Assume it is known that the probability of birth is equal in all months. What is the probability that in the STAT 1025 class of 120 students, exactly 20 students have their birthdays in either August or September? Solve using (i) the exact Binomial distribution, (ii) the Normal approximation to the Binomial distribution.
To calculate the probability using the exact Binomial distribution, we need to determine the probability of success and the number of trials.
In this case, the probability of success is the probability that a student's birthday falls in either August or September.
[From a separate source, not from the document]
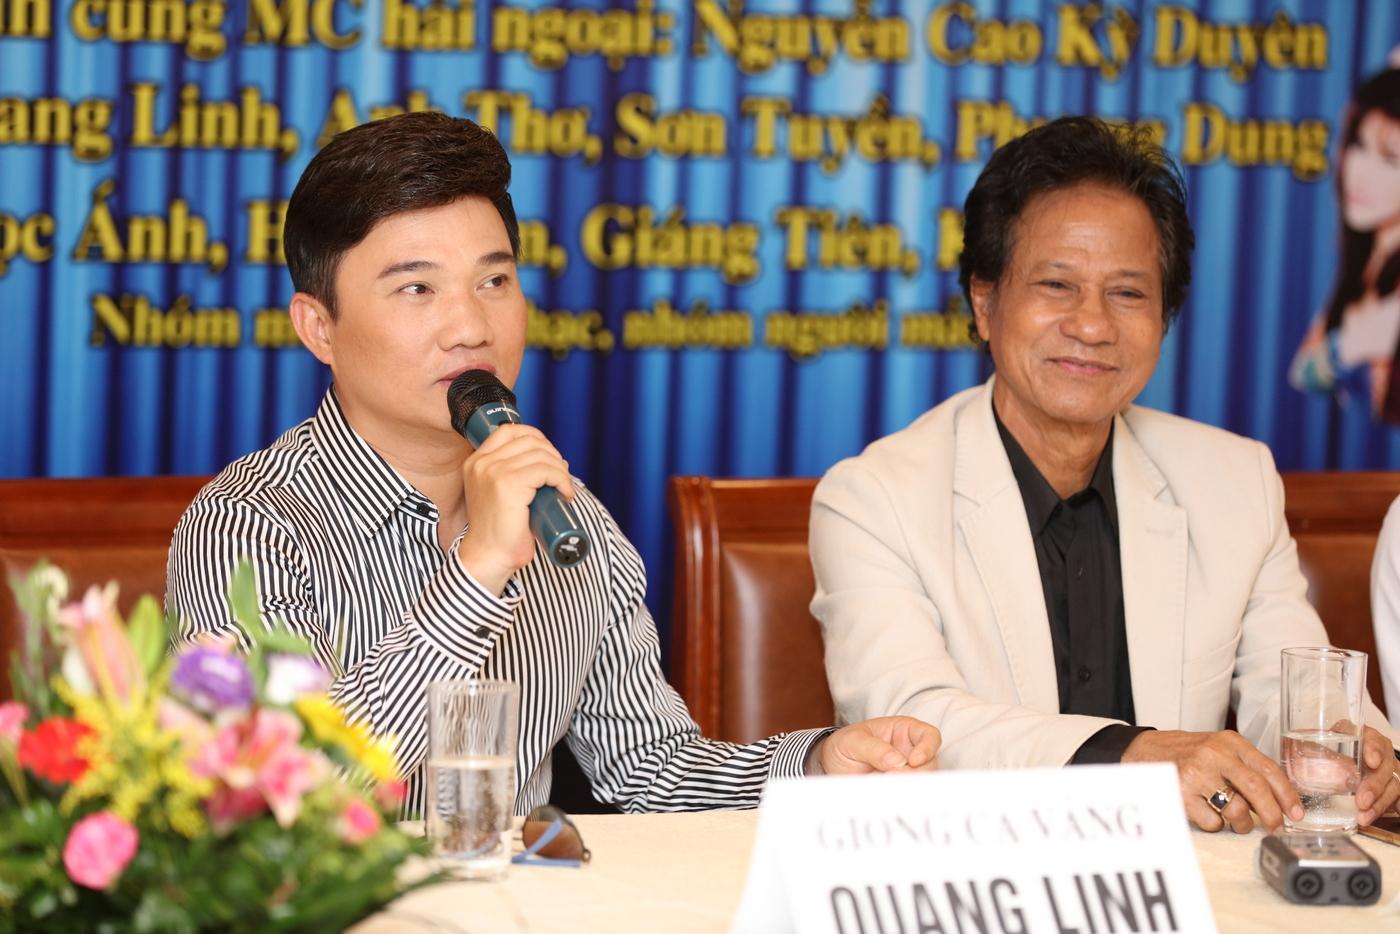 Chế Linh hội ngộ Quang Linh trong liveshow riêng tại Hà Nội
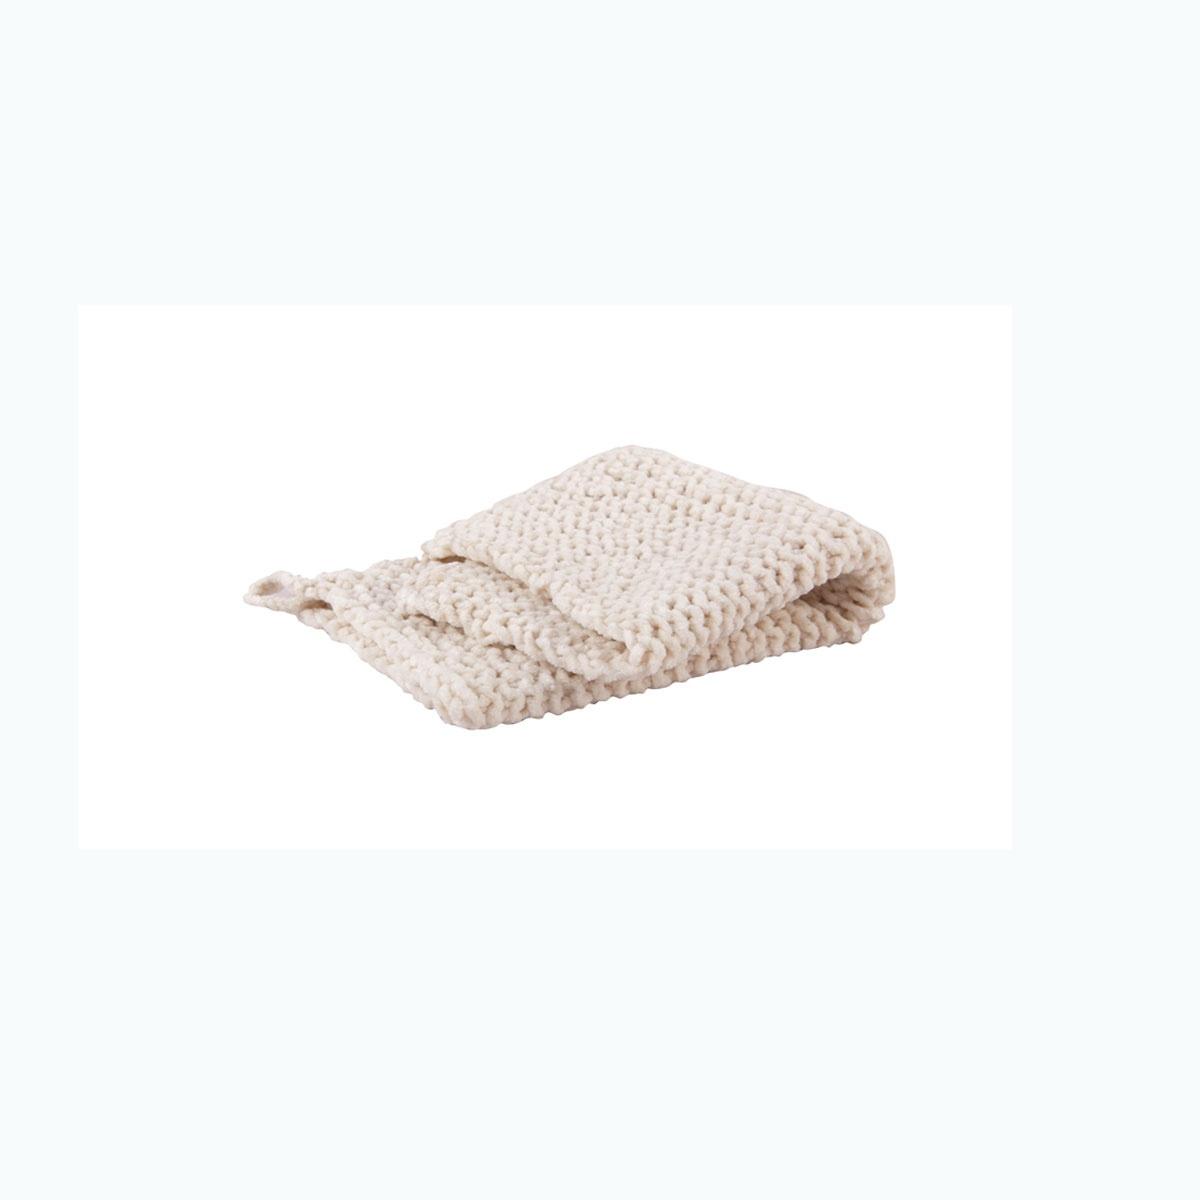 Serviette en coton chenillé (Naturel)

Since it is known that the probability of birth is equal in all months, the probability of a student's birthday falling in either August or September is 2 out of 12, or 1/6. Thus, the probability of success is 1/6.
The number of trials is the total number of students in the STAT 1025 class, which is 120.
To calculate the probability using the exact Binomial distribution, we can use the following formula:
P(X = k) = (n choose k) * p^k * (1 - p)^(n - k)
Where:
- P(X = k) is the probability of exactly k successes
- n is the number of trials
- k is the number of successes
- p is the probability of success
Substituting the given values into the formula, we have:
P(X = 20) = (120 choose 20) * (1/6)^20 * (5/6)^(120 - 20)
To calculate this value, you can use a calculator, statistical software, or an online binomial probability calculator.